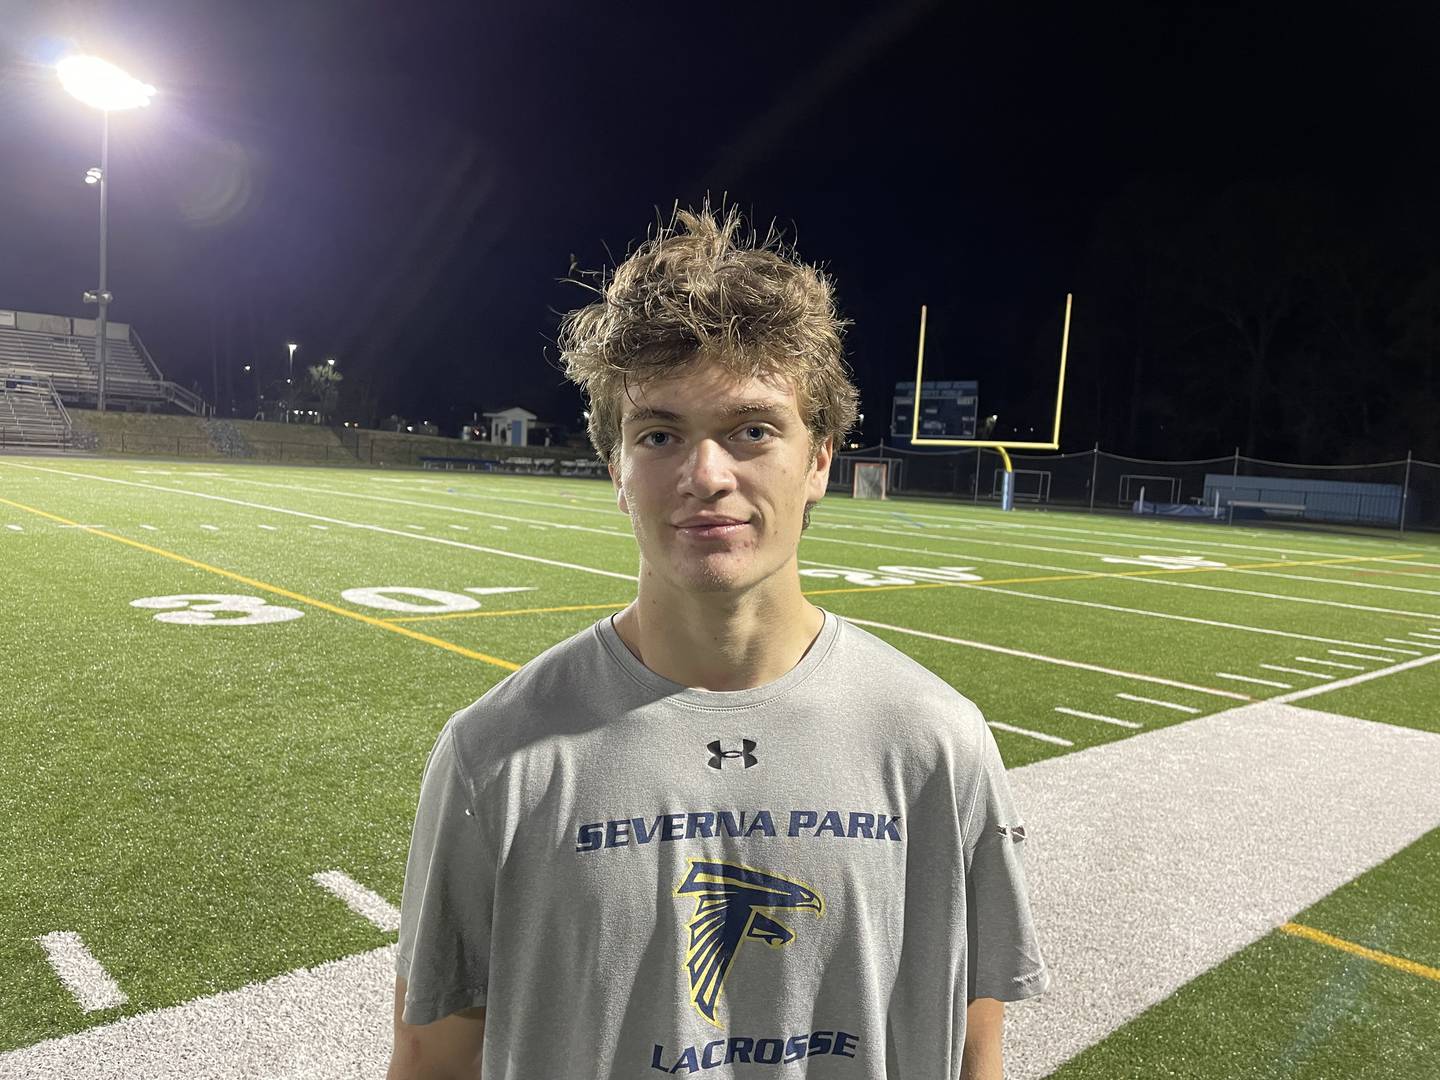 John Burkhardt helped keep Severna Park's boys lacrosse team undefeated Friday evening. The junior scored 5 goals as the No. 9 Falcons defeated South River, 11-8, in a battle of undefeated Anne Arundel County in Edgewater.
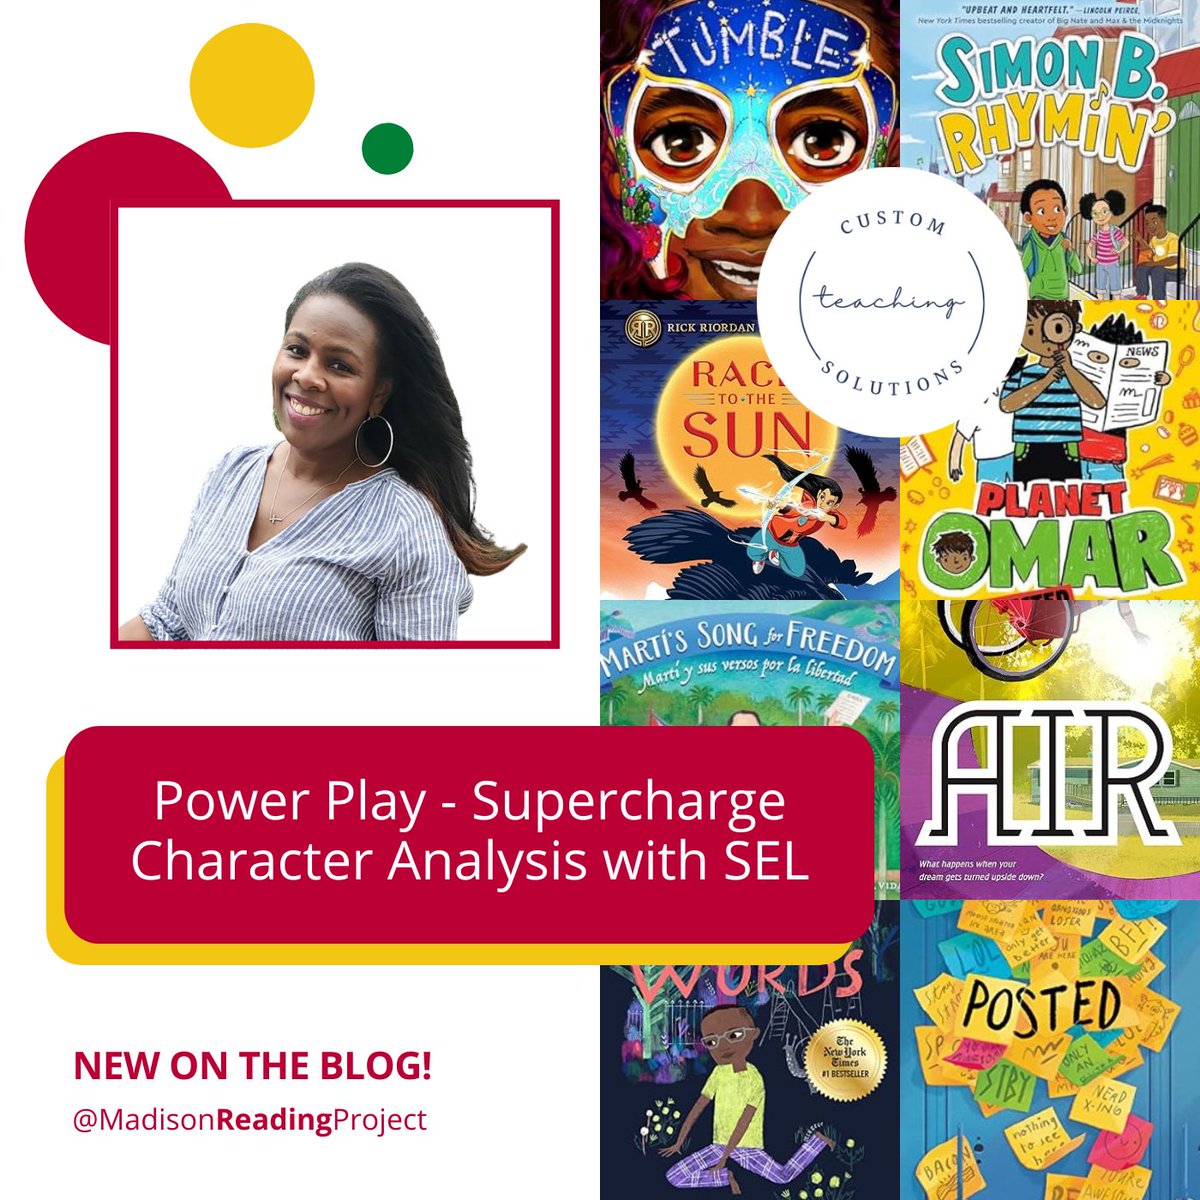 📚 In this post, our friend Jocelynn from Custom Teaching Solutions gives us a framework on how to design an effective lesson plan to more deeply engage students with character analysis. Check it out at madisonreadingproject.com/blog

#NewBookFeeling #TeacherAppreciationWeek

::::::

| Exercise instructions |
What is needed is a verbatim copy of the material, minus its pictures.

| Final answer |
 John Burkhardt helped keep Severna Park's boys lacrosse team undefeated Friday evening. The junior scored 5 goals as the No. 9 Falcons defeated South River, 11-8, in a battle of undefeated Anne Arundel County in Edgewater.
 📚 In this post, our friend Jocelynn from Custom Teaching Solutions gives us a framework on how to design an effective lesson plan to more deeply engage students with character analysis. Check it out at madisonreadingproject.com/blog

#NewBookFeeling #TeacherAppreciationWeek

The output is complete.